Homestead Hebrews

 Standing on the Homestead street where my great-grandfather lived after immigrating (c) 2015, Pittsburgh Post-Gazette, all rights reserved. Reprinted with permission.

Standing on what’s left of the Homestead’s first Jewish neighborhood. (c) 2015, Pittsburgh Post-Gazette, all rights reserved. Reprinted with permission.

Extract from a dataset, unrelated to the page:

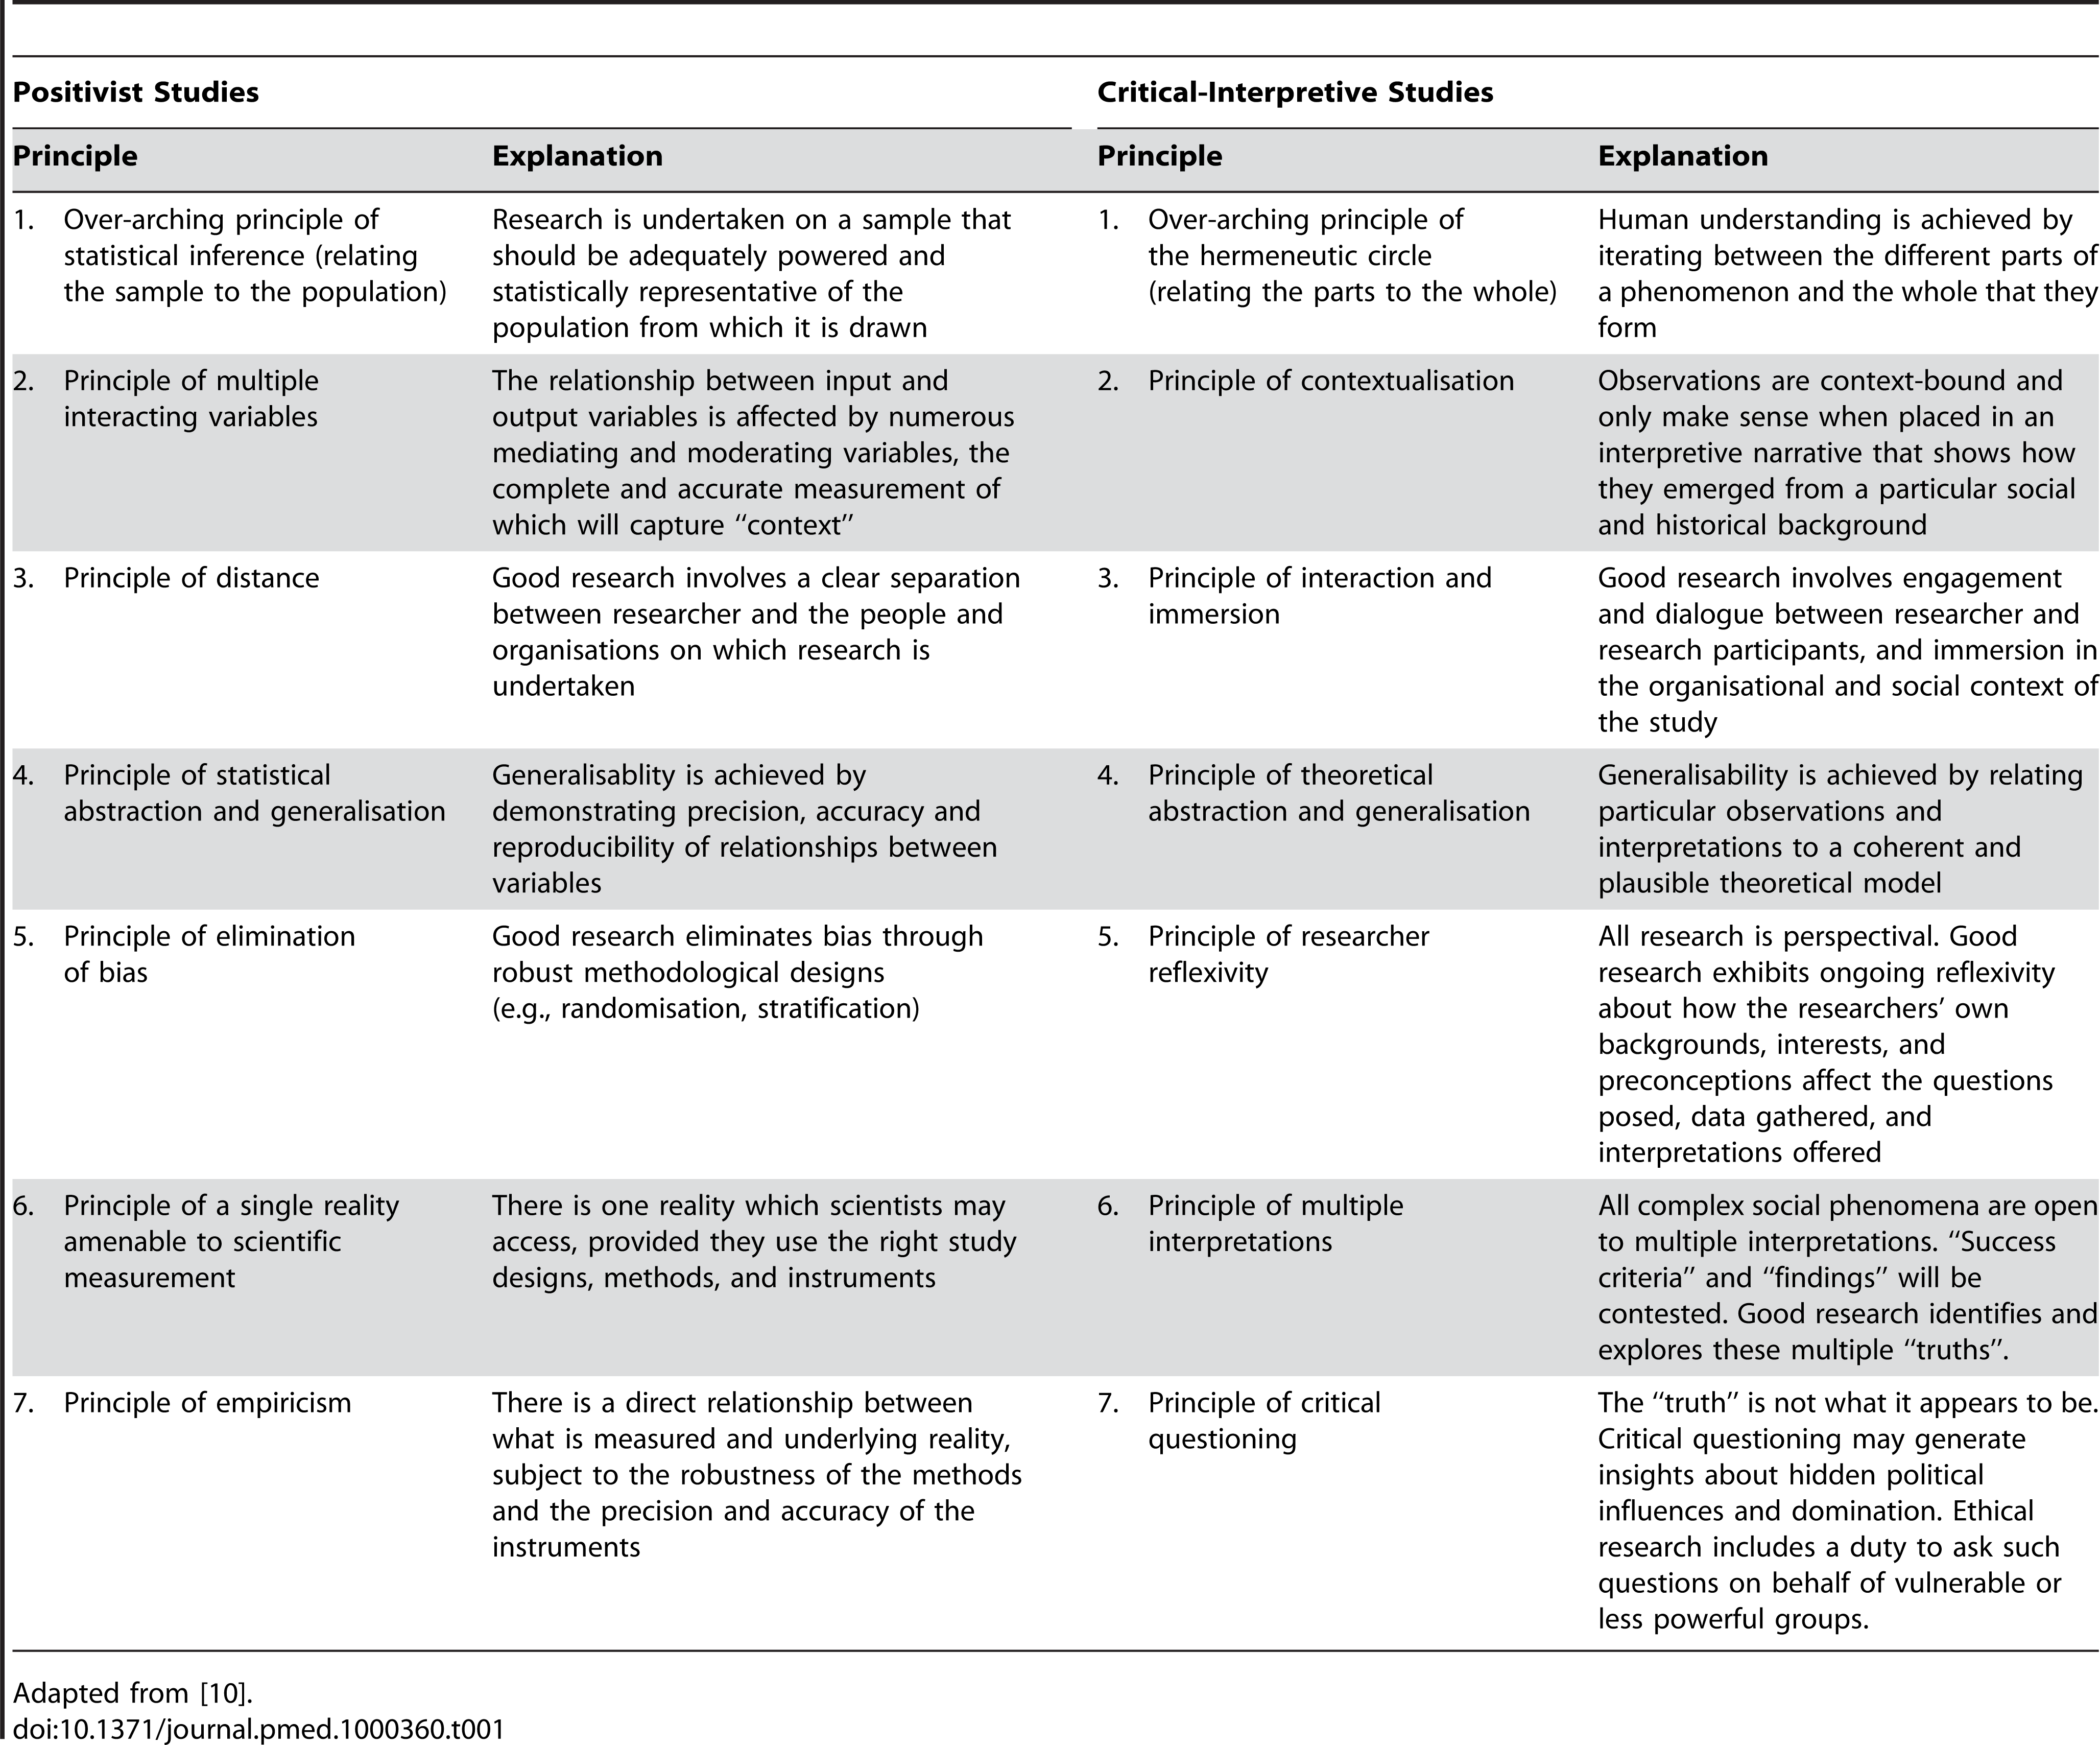 Comparison of Key Quality Principles in Positivist versus Critical-Interpretivist Studies.

I am the great-granddaughter of Bernhardt Hepps (1895-1949), a Hungarian immigrant who helped found Homestead, Pennsylvania’s synagogue and Jewish cemetery.  Growing up in far-away New Jersey, I was captivated by my father’s stories about Bernhardt and his shul.  In 2014 I moved to Pittsburgh to research his community full-time for a year.  What I discovered was that in the dozens of books and articles about Homestead—world-famous because of its 1892 labor dispute—you’d never known that Homestead once had a thriving Jewish community.  Instead of returning to my former life as a technology executive in New York City, I resolved to stay in Pittsburgh to tell the story of this community and its significant contributions.

From the start, I have been sharing my findings online with descendants of Homestead’s Jewish community and other interested readers via HomesteadHebrews.com.  Please use the links below to learn more about this project.

  • Statement of Purpose for the project
  • Chronology of the community’s history
  • Exhibits of documents and artifacts related to particular aspects of the community’s history
  • Essays about individuals, families, and organizations of note

In order to manage the volume of data I am collecting for this project, my research spawned two technology sub-projects, Homestead Hebrew Data and Homestead Hebrew Maps.

My ultimate goal is to write a history of the community’s first four decades, not only to demonstrate the role that technology can play in the production of otherwise unmanageable histories, but also to ensure that the Jewish story in Homestead’s history will be properly incorporated after a century of being overlooked.